EMJ’s technology—it has an IT staff of 42—enables it to respond quickly to customer preferences, down to positioning numeric fields on a packaging label. “We’re finding that some customers are ready—they don’t want to call or fax us anymore. They’d rather have computers talking to each other.” (EMJ in January agreed to be acquired by Reliance Steel & Aluminum Co.)

Many more aren’t ready, however. Only about 4% of all orders at Jorgensen now arrive electronically, up from 3% two years ago. Ray acknowledges the limits in automating facets of her company’s business. Pricing is one example. Like others, Jorgensen posts prices on its Internet site for many commodities, but also invites follow-up calls.

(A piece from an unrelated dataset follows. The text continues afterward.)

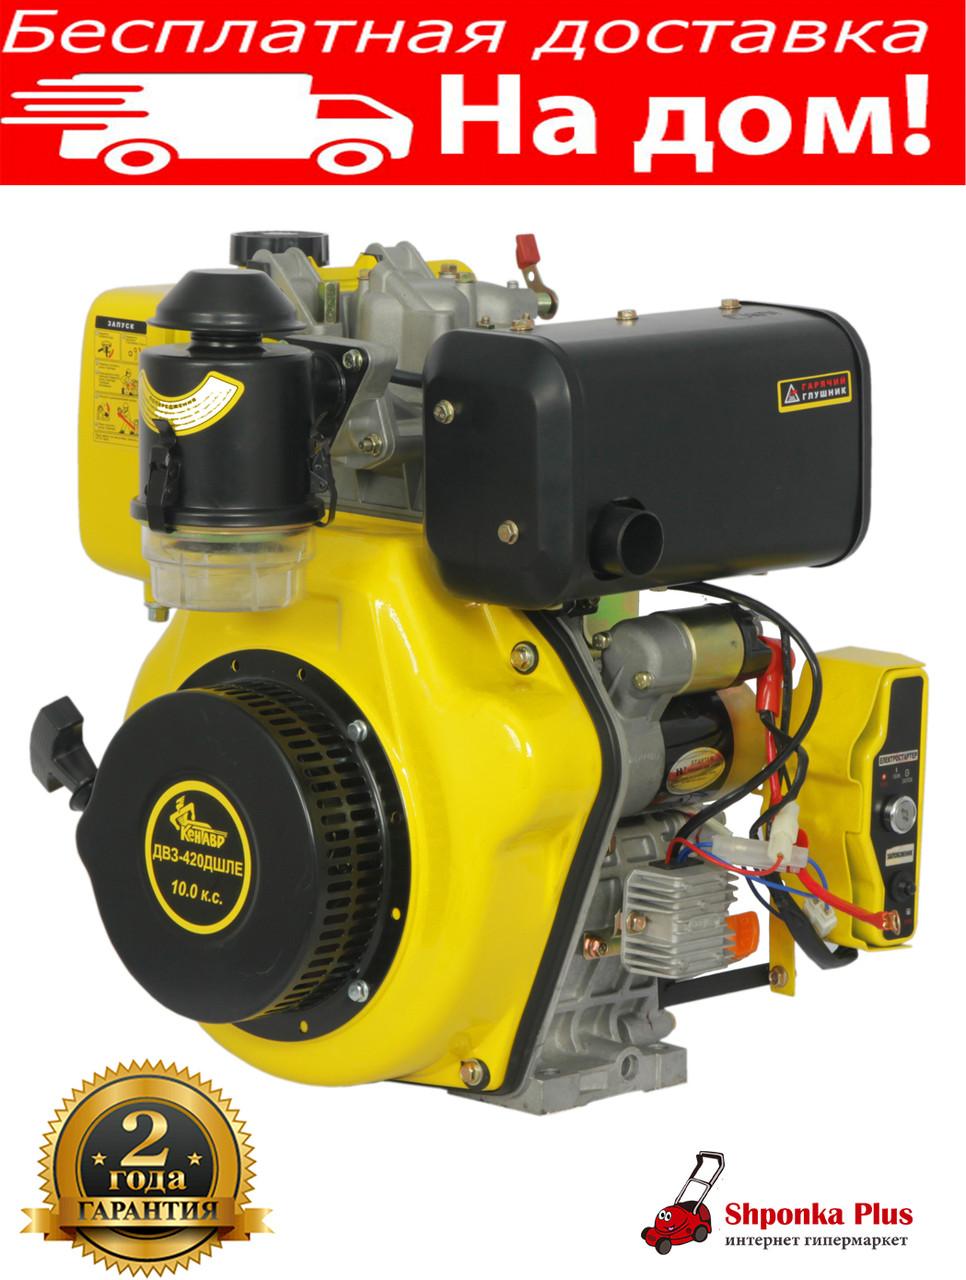 Двигатель дизель, 10 л.с., шлицы, электростартер Кентавр ДВЗ-420ДШЛЕ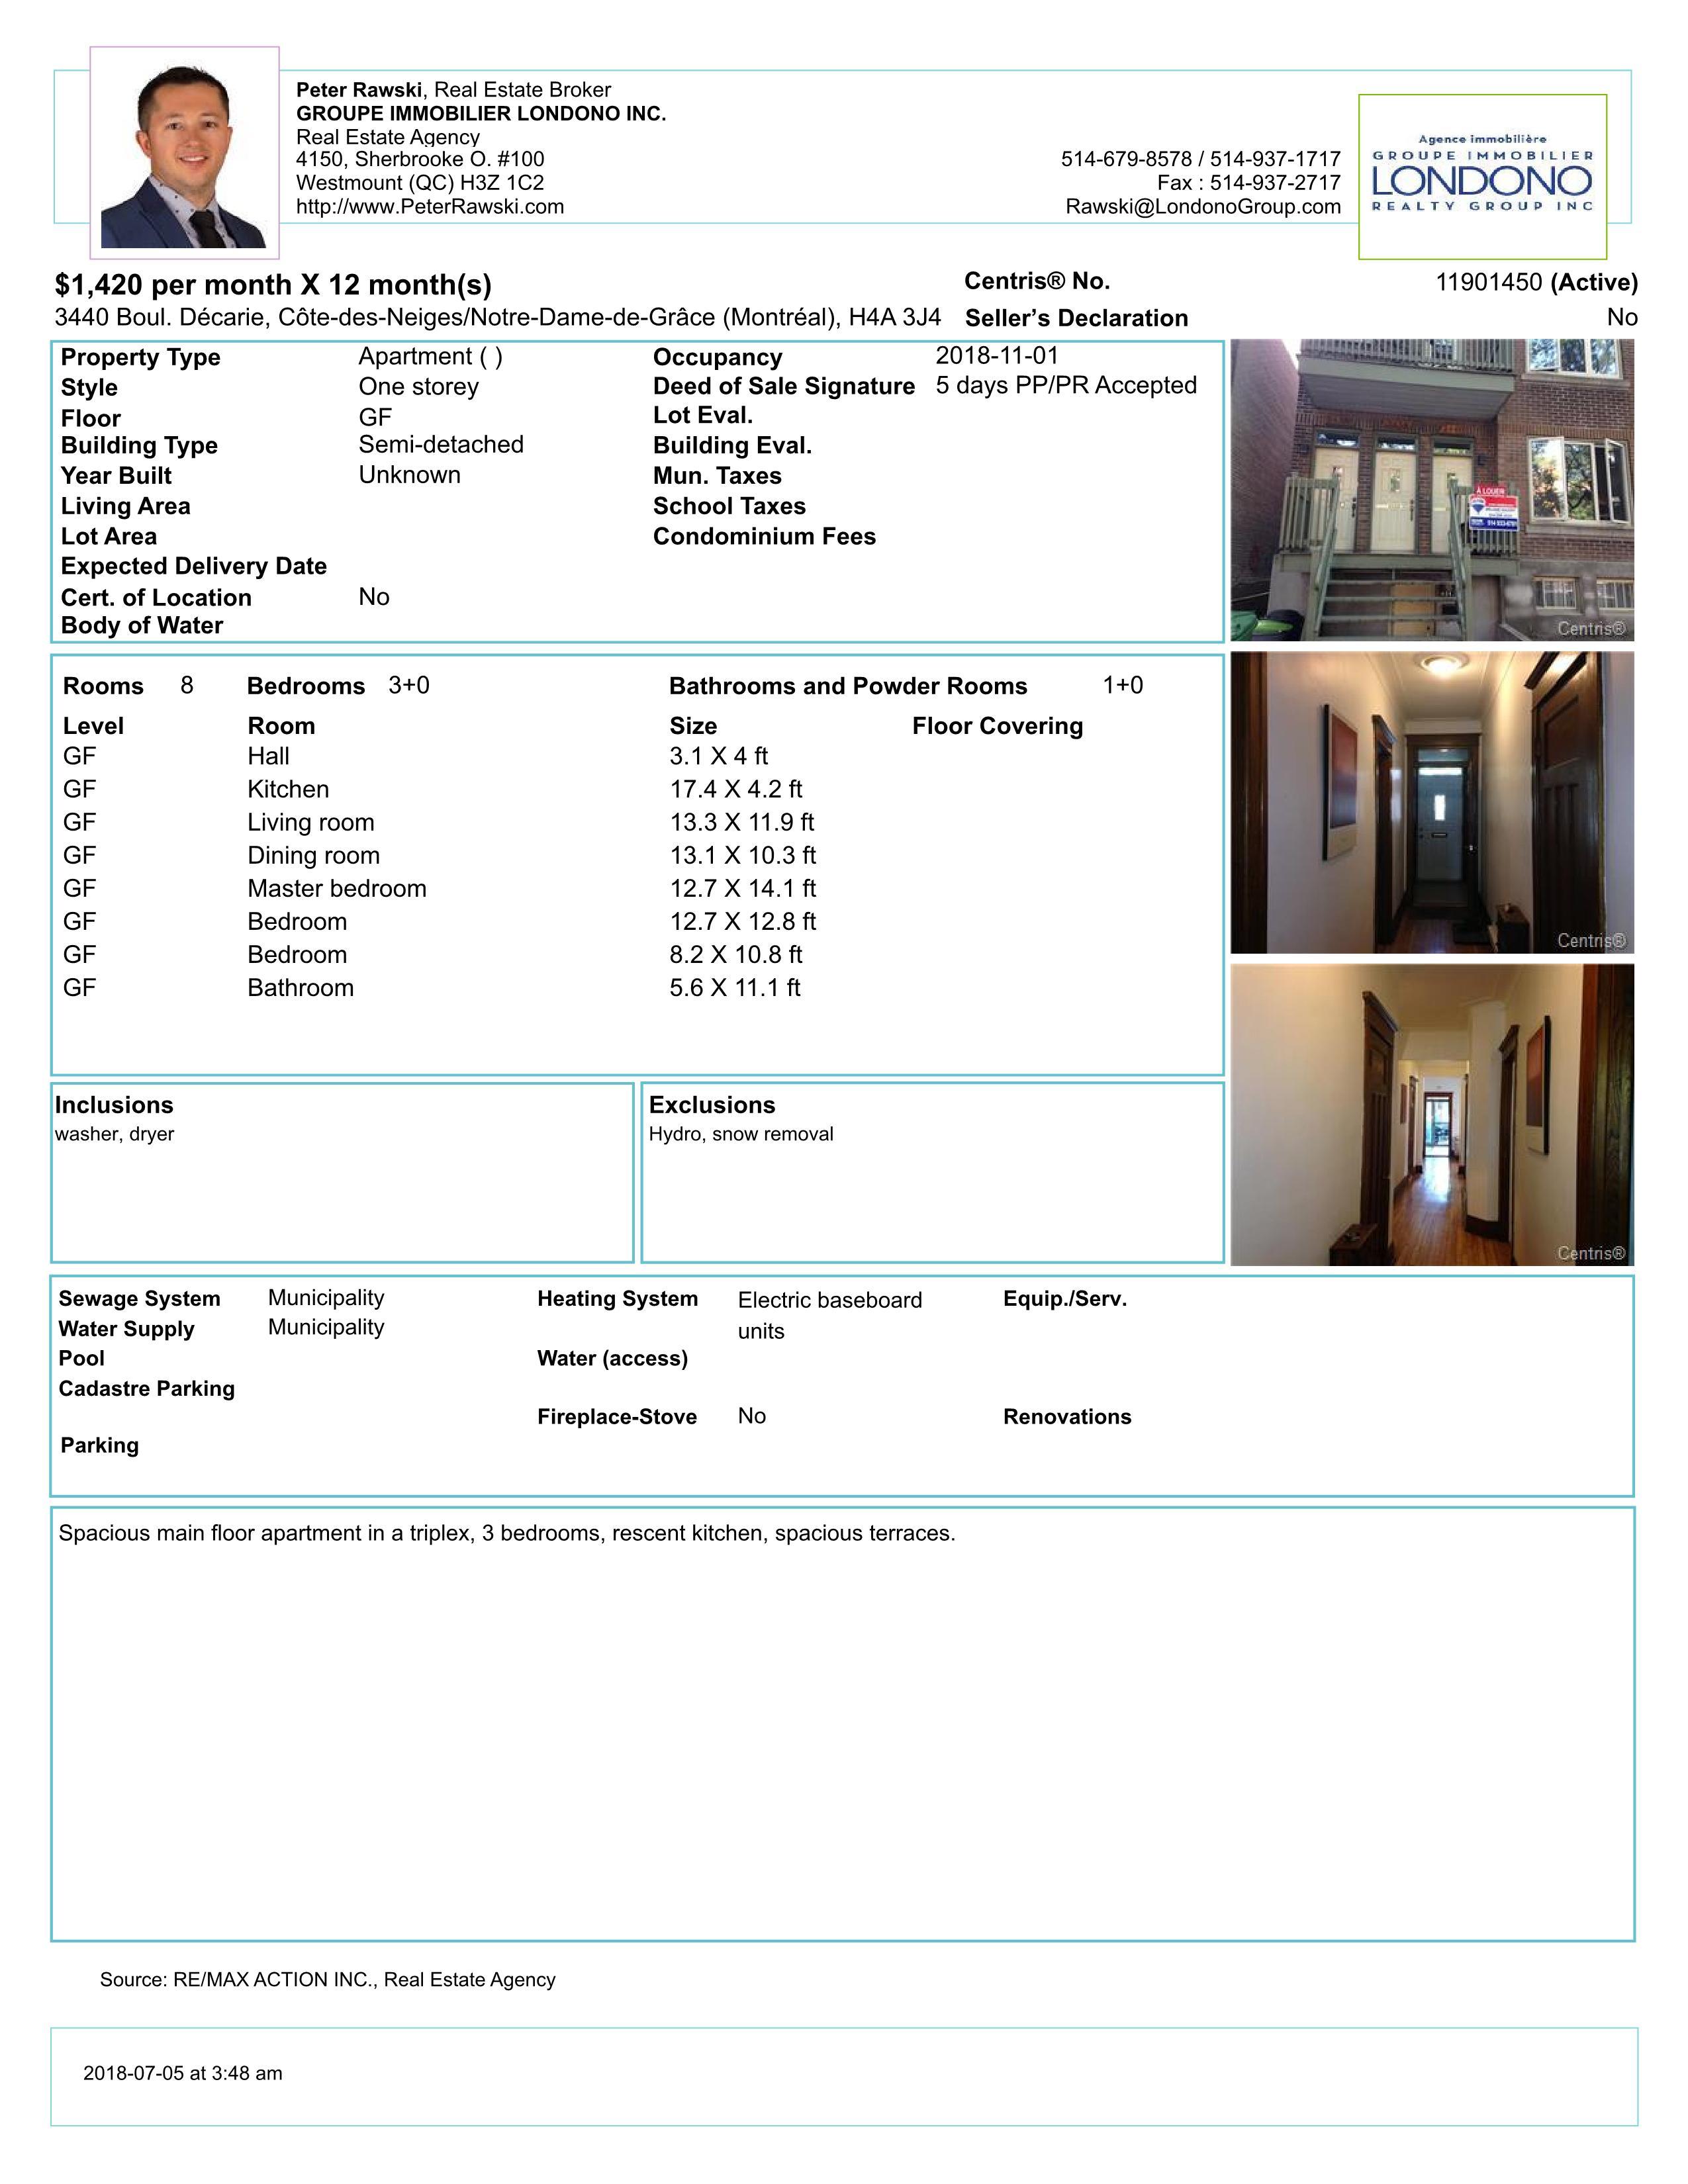 3br_apt_DT_mtl_1k-2k_page_9

“If somebody goes to our site and sees a metal at one price and a competitor happens to be at a lower price at that moment, we don’t want to lose that business,” Ray says. “We want the customer to call us and give us a chance to negotiate a lower price.” But for a Web site to be truly useful, those prices should be one and the same, she adds.

It’s difficult to automate such give-and-take. Robert Trotter, chief information officer for ThyssenKrupp Materials NA in Southfield, Michigan, sees a challenge in integrating technology in the metals industry.

“Technology becomes cheap when you can scale it up and spread the investment over a large infrastructure,” Trotter says. ThyssenKrupp has 70 U.S. locations, 2,000 employees and U.S. revenues of about $2 billion. “But in the metals industry, even a national player like us is operating in a lot of local markets. Those markets can require a higher degree of flexibility than allowed for in standardized software, and supporting that flexibility comes at a higher cost.”

Trotter warns that the Internet isn’t likely to permit many metals companies to reduce their staffing significantly right away. “There was a theory that by quoting prices online, companies could reduce their inside sales forces. But that hasn’t happened. The complexity of many metals orders can’t be communicated electronically.”

As a result, Trotter doesn’t expect an IT revolution in metals anytime soon. “This remains very much a people business. Raw materials buyers are still more comfortable doing business face to face or over the phone,” he says. “The industry is going to migrate to doing significantly more transactions online eventually. But it will take time. Information technology is going to be integrated in more metals companies, but it will happen in a steady, evolutionary way. It won’t happen overnight, which is why investment is likely to stay low.”